Asahi Kosei also claimed through its lawyers that it is not the employer of the Myanmar workers concerned and has no obligation to pay their wages directly to them or to supply accommodation or household appliances and utilities to them. The firm claims that the outsourcing agent (who has not been identified by the company) is the real employer of the migrant workers and thus has responsibility over them.

Asahi Kosei, therefore, alleges that Hector has committed libel by publicising the issue in his blog and naming the firm as the employer of the Myanmar migrant workers concerned.

We, the undersigned groups, call on Asahi Kosei (M) Sdn. Bhd. to review and withdraw its demand and intended legal action against Charles Hector. It is against public interest to go after human rights activists, bloggers and media personnel who highlight any alleged human rights violations. Moreover, the company was given the opportunity to inform Hector of any inaccuracies in the information given to him when he made enquiries in two emails to the firm. The company has not explored all avenues in resolving the problem faced by the workers amicably before resorting to this demand and threat of legal action; it should focus its attention on resolving these problems.
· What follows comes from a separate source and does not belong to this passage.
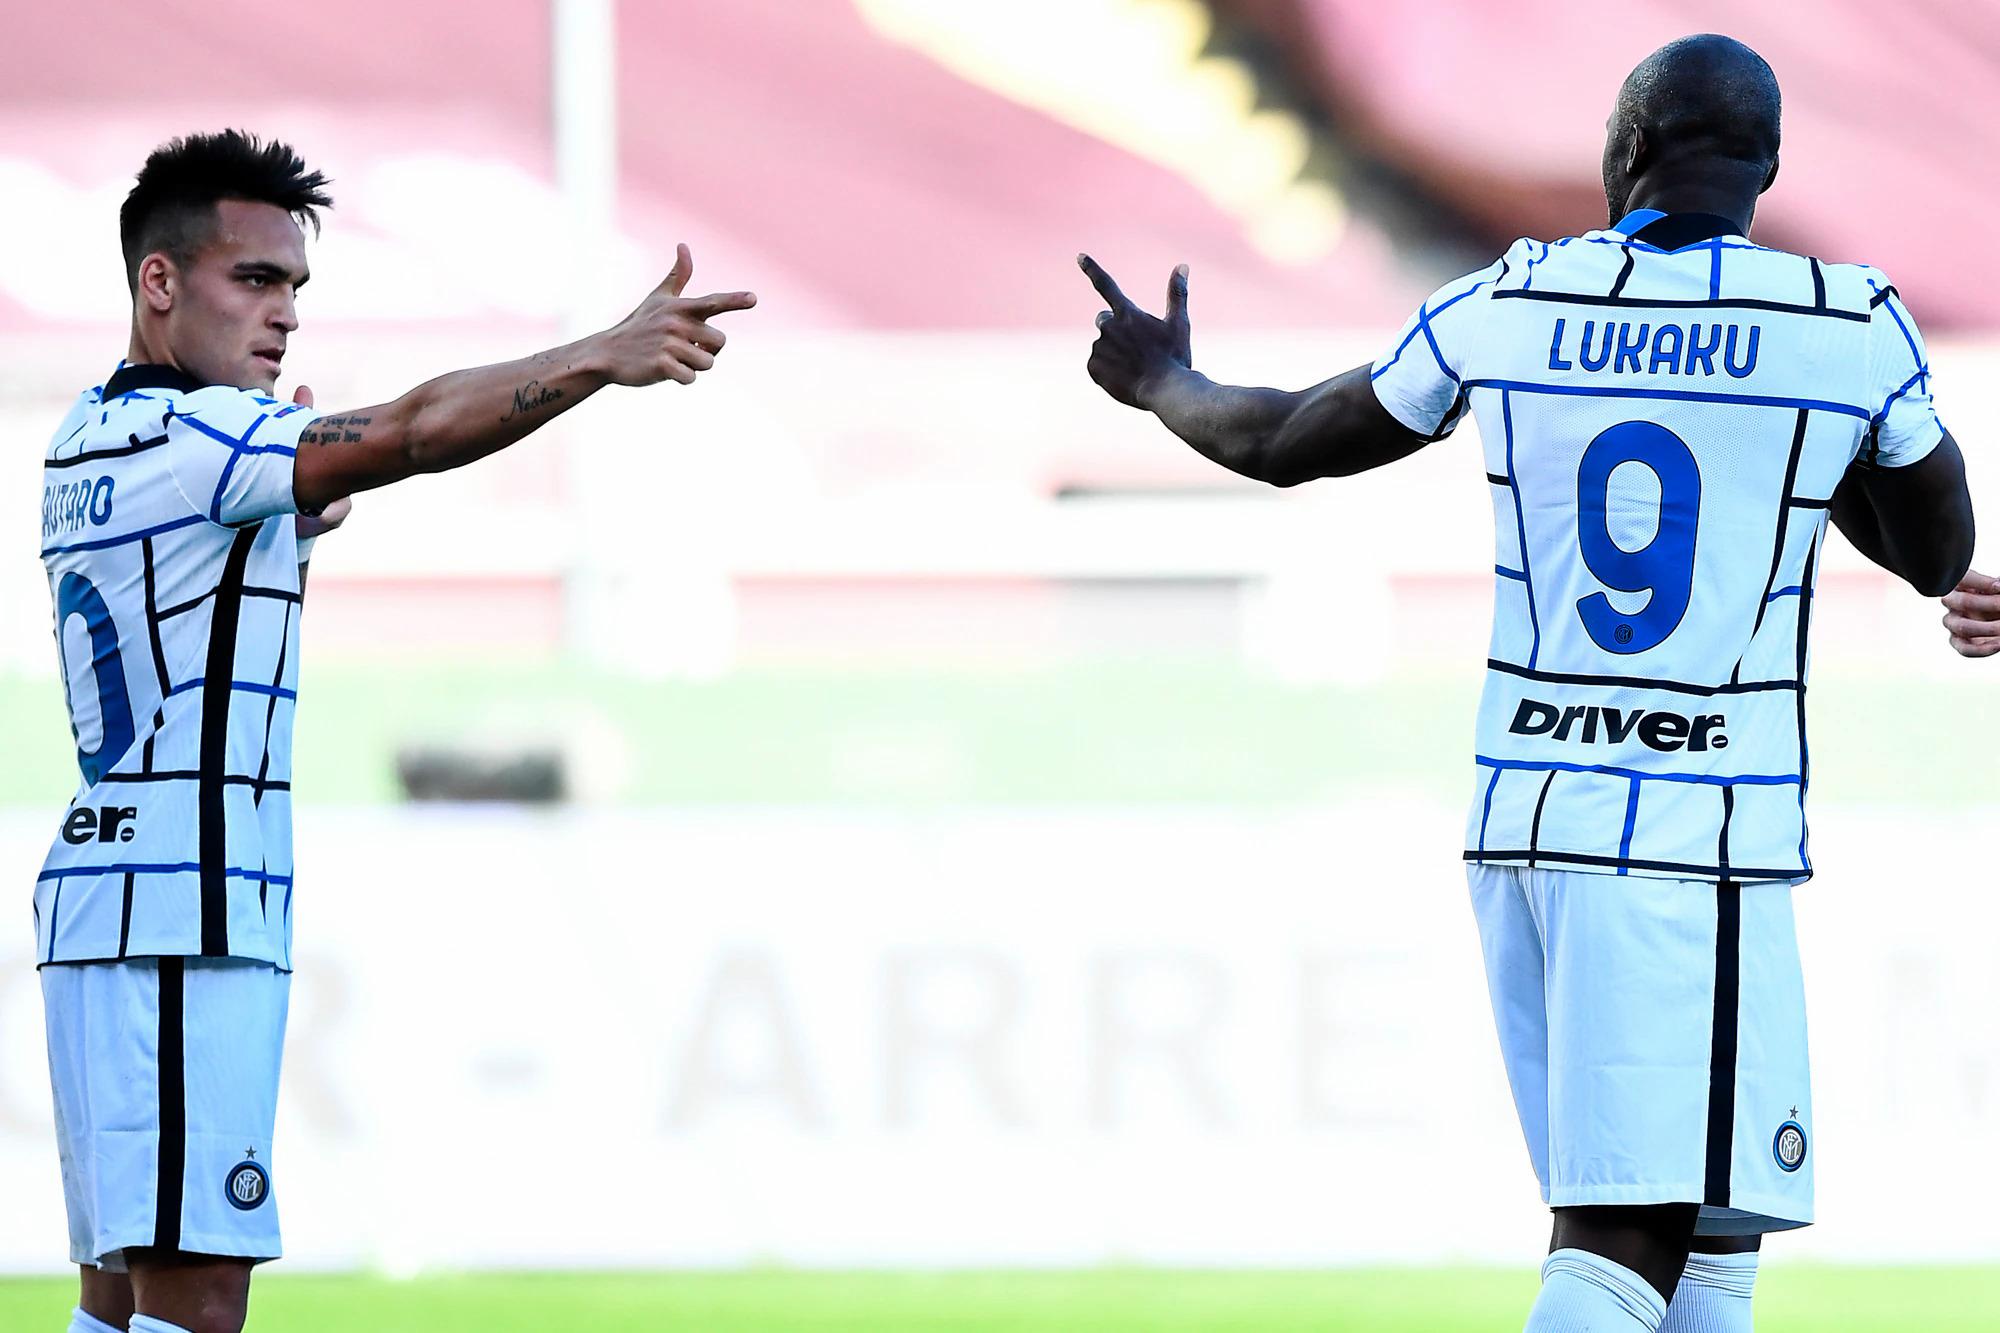 Lukaku berbagi kegembiraannya dengan rekan-rekan setimnya usai gol pembuka dari titik penalti pada menit ke-62. Foto: www.imagephotoagency.it

In our view, Asahi Kosei’s action is unreasonable, arbitrary and heavy handed; aimed at the suppression of free expression and workers’ complaints. The company also appears to be pushing its responsibility for the workers to a dubious unknown and unnamed party and, directly or indirectly, obstructing the right of workers to legally resolve their labour problems through the proper channels available to both workers and employers.

It would also be commendable for Asahi Kosei to immediately reinstate the two workers and engage in the dispute resolution process according to Malaysian labour laws, with Labour Department intervention as legally provided in this country.

Likewise, we urge all employers to engage in the dispute resolution process according to employment legislation and to adhere to all relevant labour and other legislation in Malaysia which apply to local as well as migrant workers in this country. Employers should recognise and respect the rights of all workers, their human rights and human dignity.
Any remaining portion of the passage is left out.